IMG 20251001 WA0013 2

Tshopo : entre tabous et réalités, l’avortement sécurisé sous la loupe des soignants

À Kisangani, la Journée mondiale de l’avortement sécurisé a donné la parole aux professionnels de santé. Entre manques de moyens, limites juridiques et nécessité de sauver des vies, médecins et infirmiers plaident pour un meilleur encadrement afin de réduire les risques liés aux avortements clandestins.

Chaque 28 septembre, le monde s’interroge sur une pratique qui divise, l’avortement sécurisé. Dans la Tshopo, le Réseau des Journalistes pour la Santé Sexuelle et Reproductive (RJSSR) est allé à la rencontre des soignants pour comprendre leurs réalités de terrain.

« Nous ne faisons pas la promotion de l’avortement, mais nous sauvons des vies »

Pour Mme Clémentine Orepale, infirmière titulaire du centre de santé Mokela-État, l’avortement sécurisé reste une pratique encadrée mais indispensable.

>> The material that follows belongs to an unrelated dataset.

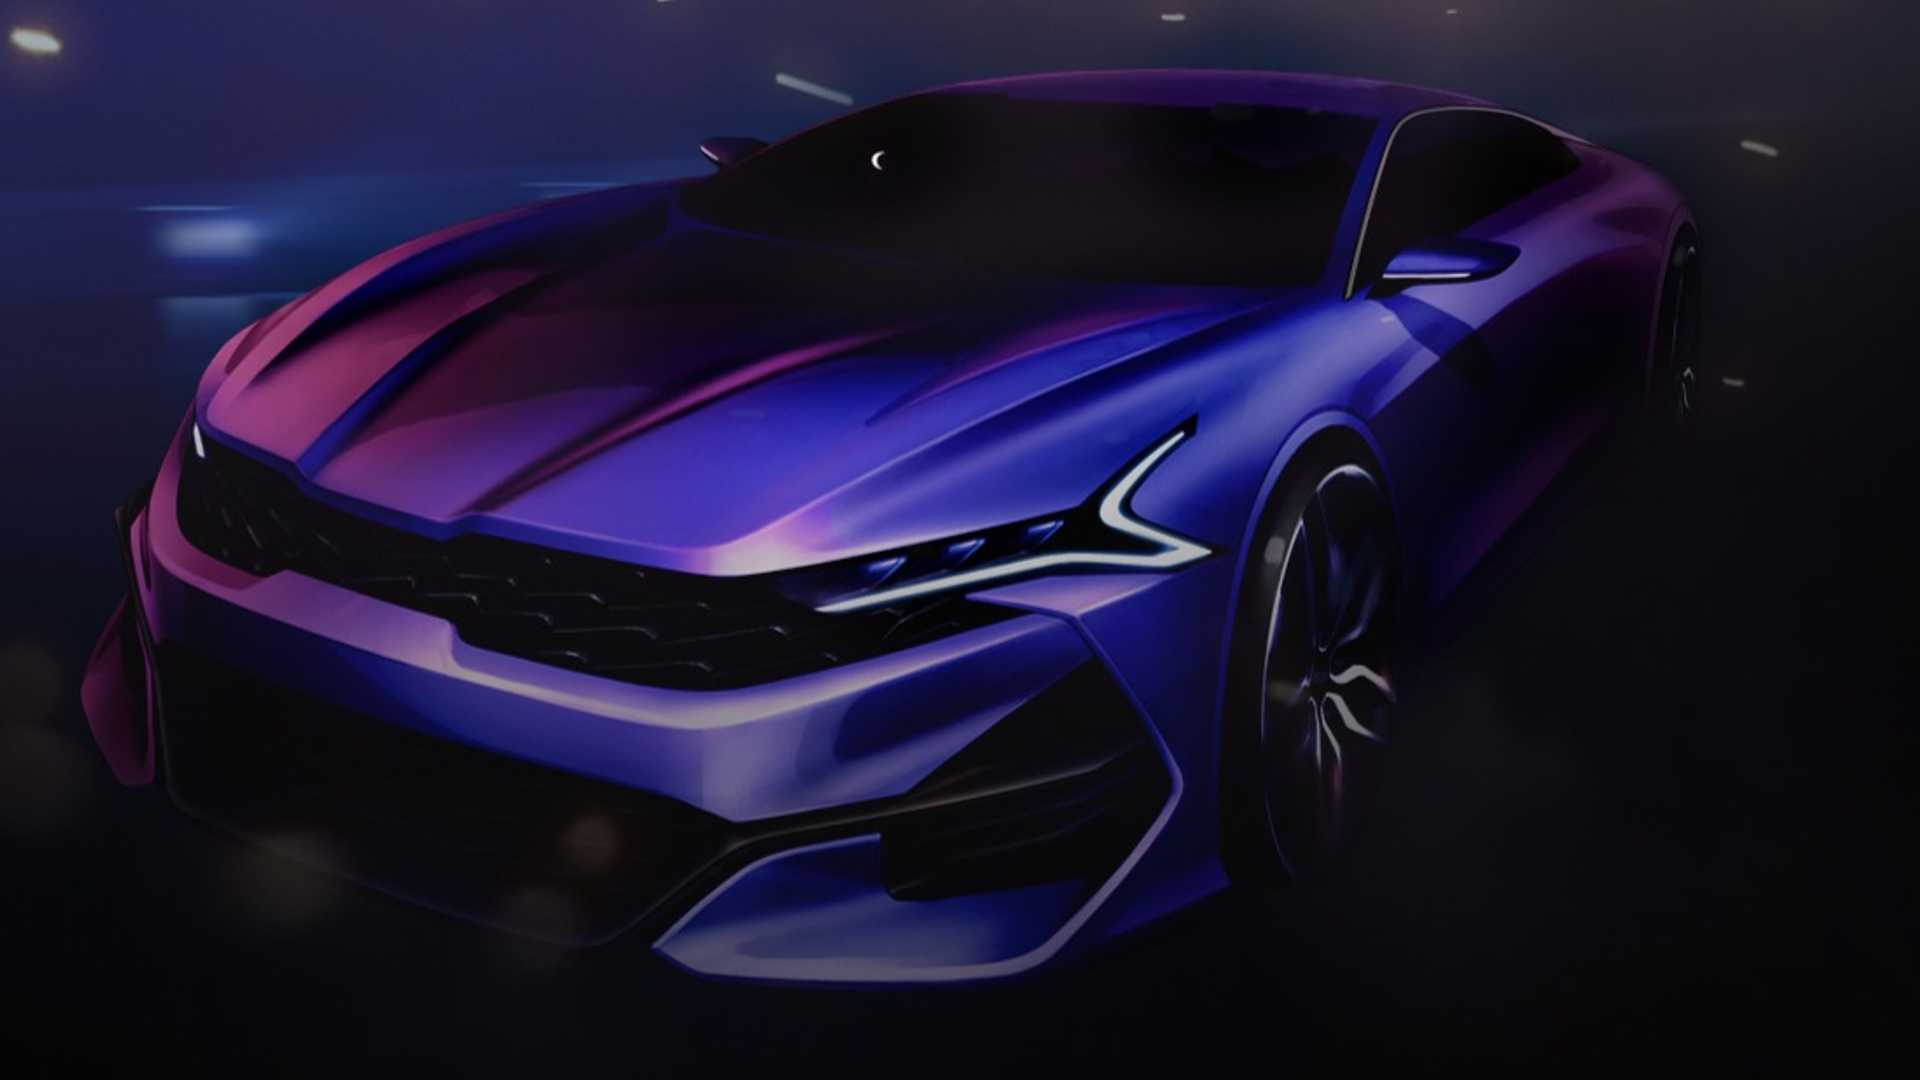 2021 Kia Optima Returns In Dramatic Design Sketches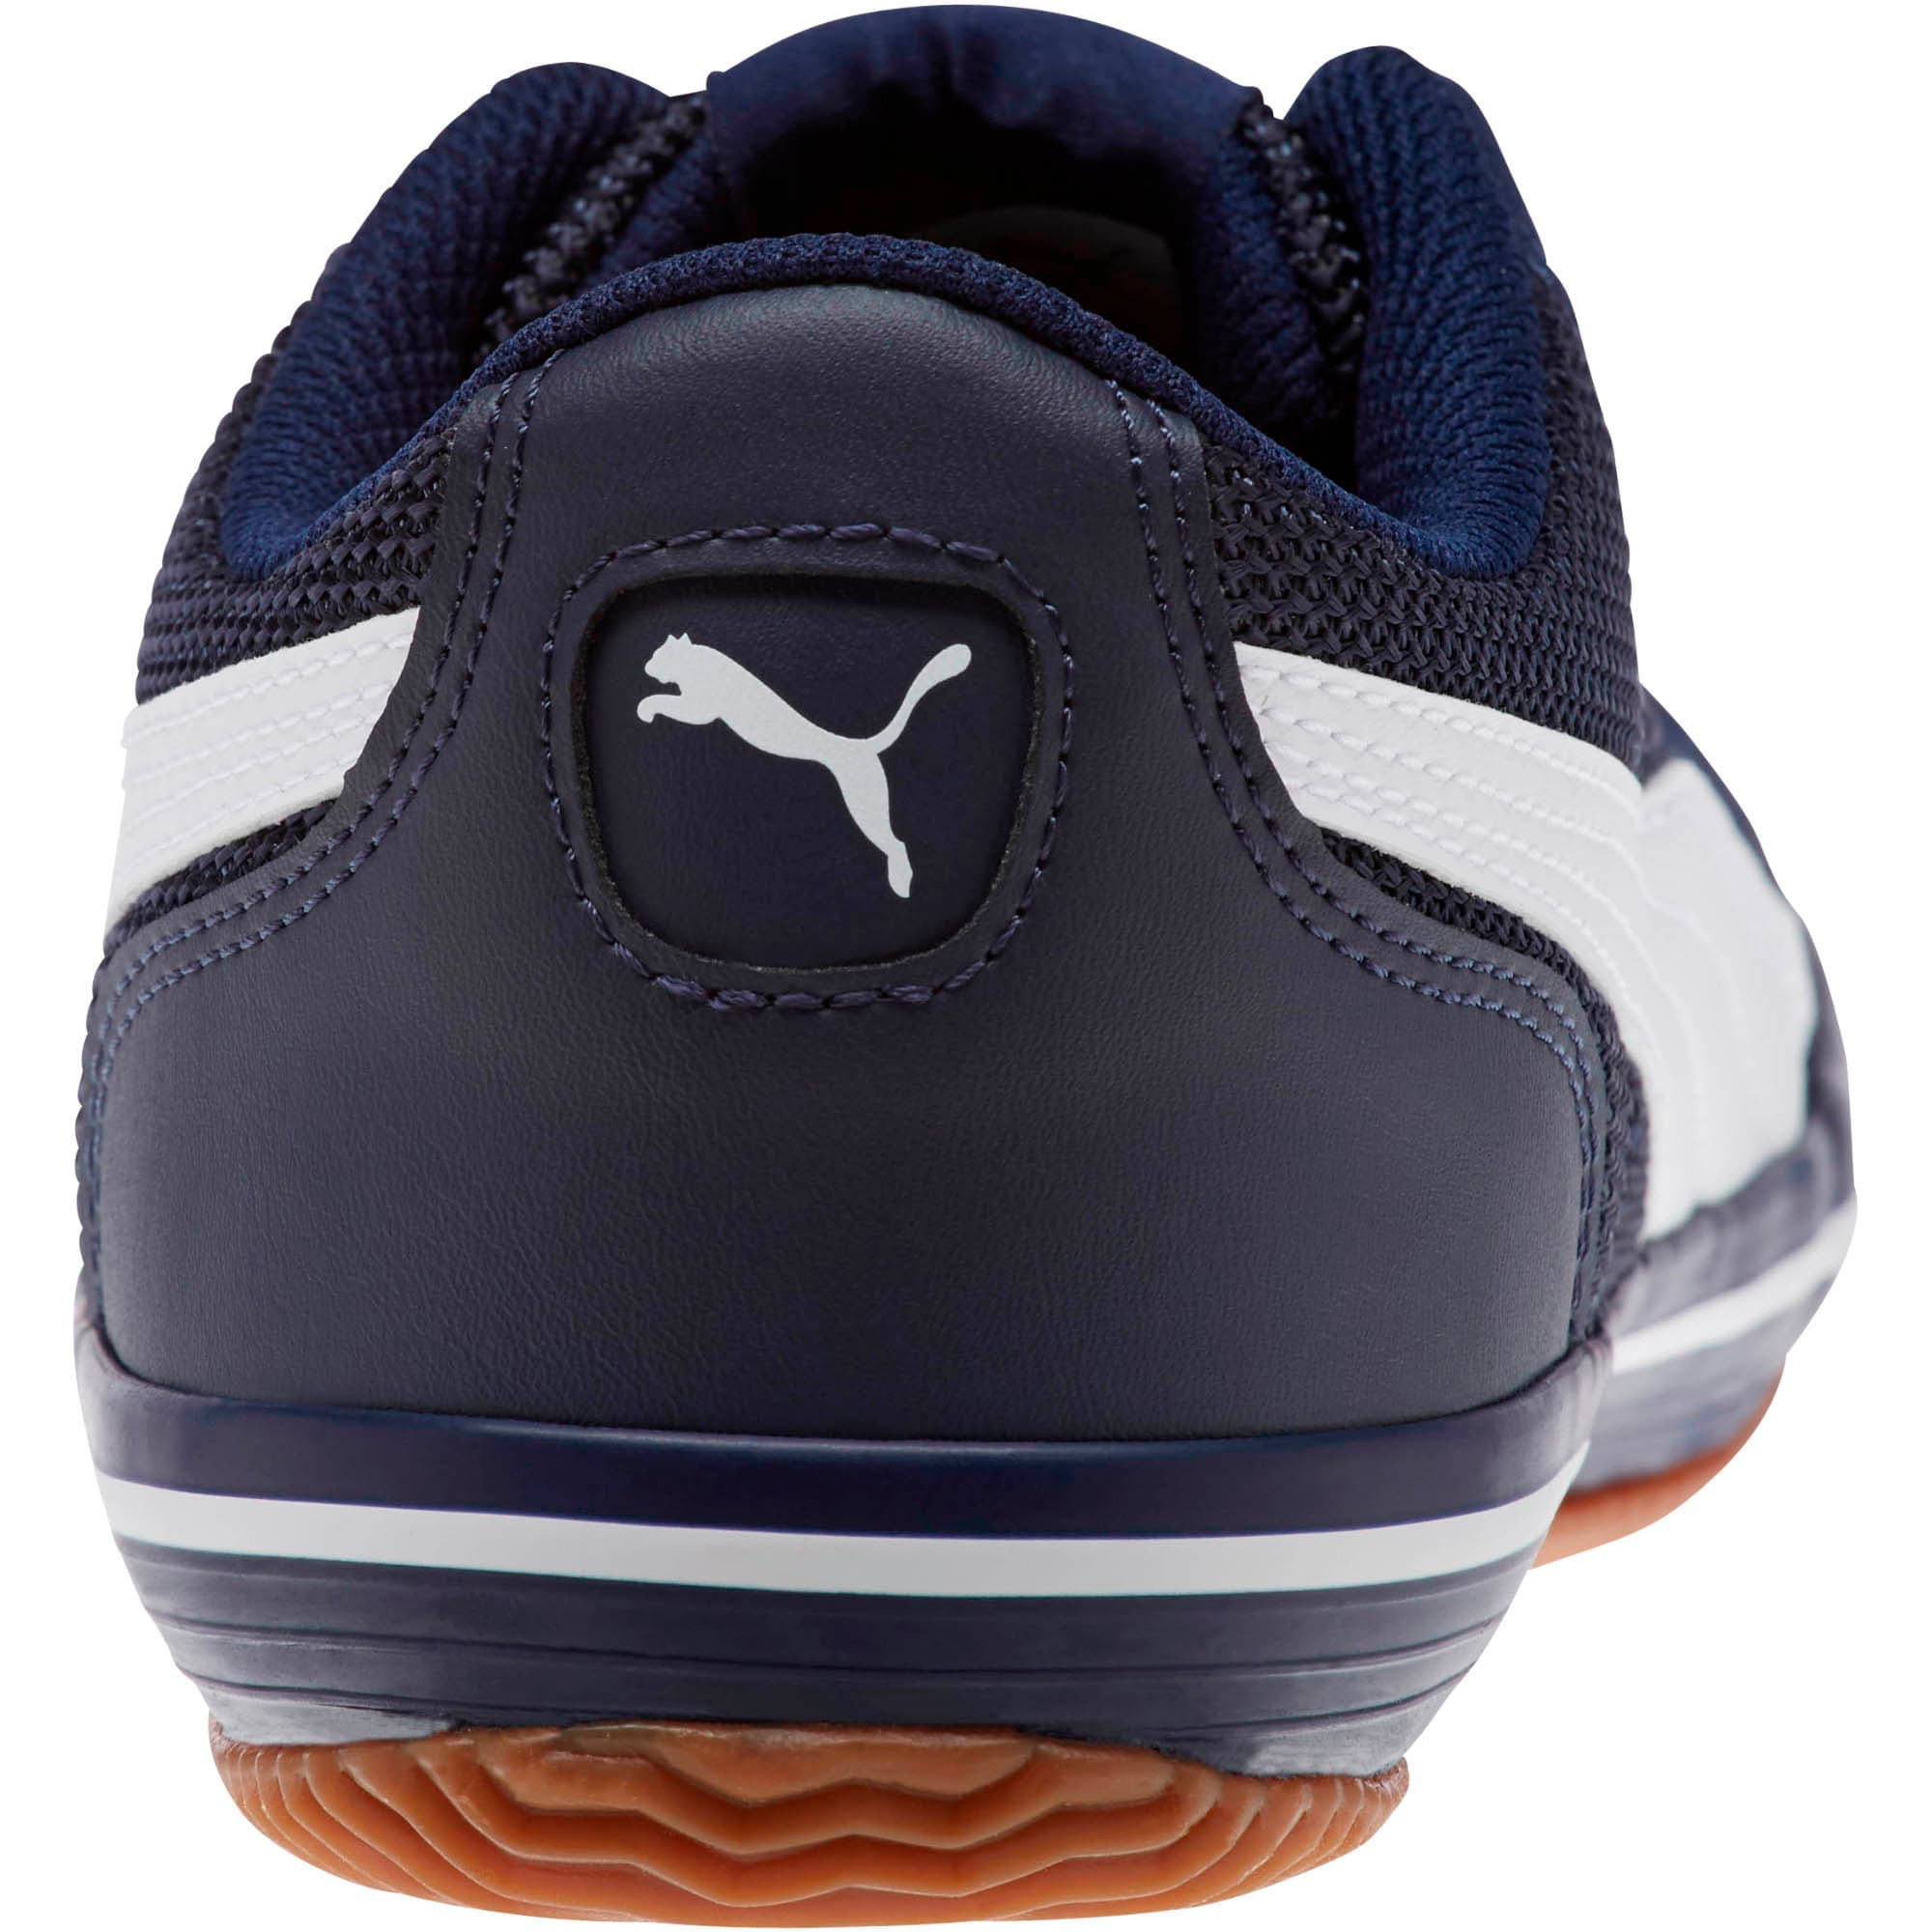 Miniatura 4 de Zapatos deportivos Astro Sala para hombre, Peacoat-Puma White, mediano

vlcsnap 2025 09 30 17h01m22s144

« Nous avons été formés depuis 2021 par Marie Stopes. Dans notre centre, nous pratiquons en moyenne un ou deux cas par mois, uniquement dans les situations prévues, comme les grossesses issues de viols ou celles qui mettent en danger la santé de la mère », confie-t-elle.

Elle souligne aussi les limites auxquelles les centres de santé sont confrontés :

« Nous n’avons pas les moyens de faire de grandes campagnes de sensibilisation. Et sur le plan matériel, nous travaillons encore avec d’anciens équipements. Nous avons besoin de nouvelles dotations et de formations continues ».

De son côté, Daniel Mwamba Lukoya, infirmier titulaire de la zone de santé Kumbakisaka, insiste sur la nécessité de renforcer les capacités du personnel.

vlcsnap 2025 09 30 17h03m10s350

« Nous avons besoin d’être ré-briefés, de recevoir davantage de formations et de nouveaux équipements. Depuis notre première dotation, nous utilisons encore d’anciens matériels, ce qui freine la qualité des soins ».

Il insiste également sur l’aspect éthique et légal de la pratique :

« L’avortement sécurisé ne doit pas être vu comme une incitation à la débauche. C’est une réponse médicale à des cas précis, encadrée par le protocole de Maputo. Nous travaillons pour protéger la santé des femmes, pas pour encourager les grossesses non désirées ».

Le Dr Sandrine Basila, médecin-directrice du centre médical Batange et responsable au Programme national de santé mentale, met en garde contre les dangers des avortements pratiqués dans l’ombre.

IMG 20251001 WA0013

« Beaucoup de femmes arrivent après un avortement incomplet, avec des complications graves, hémorragies, perforations de l’utérus, infections sévères. Dans ces cas, notre priorité est de sauver des vies ».

Pour elle, la sensibilisation reste essentielle en attendant une meilleure harmonisation entre la loi et la pratique médicale :

« L’avortement sécurisé a sa place. Mais tant que la loi demeure restrictive, nous devons surtout décourager les femmes de recourir aux avortements clandestins. Ces pratiques sont responsables de trop de décès évitables ».

À Kisangani, la Journée mondiale de l’avortement sécurisé aura mis en lumière un paradoxe, les professionnels de santé reconnaissent l’importance de cette pratique pour sauver des vies, mais restent limités par des moyens dérisoires et un cadre légal encore restrictif. Dans un contexte où les avortements clandestins continuent de coûter la vie à de nombreuses femmes, la voix des soignants de la Tshopo rappelle l’urgence d’une prise en charge mieux adaptée et plus humaine.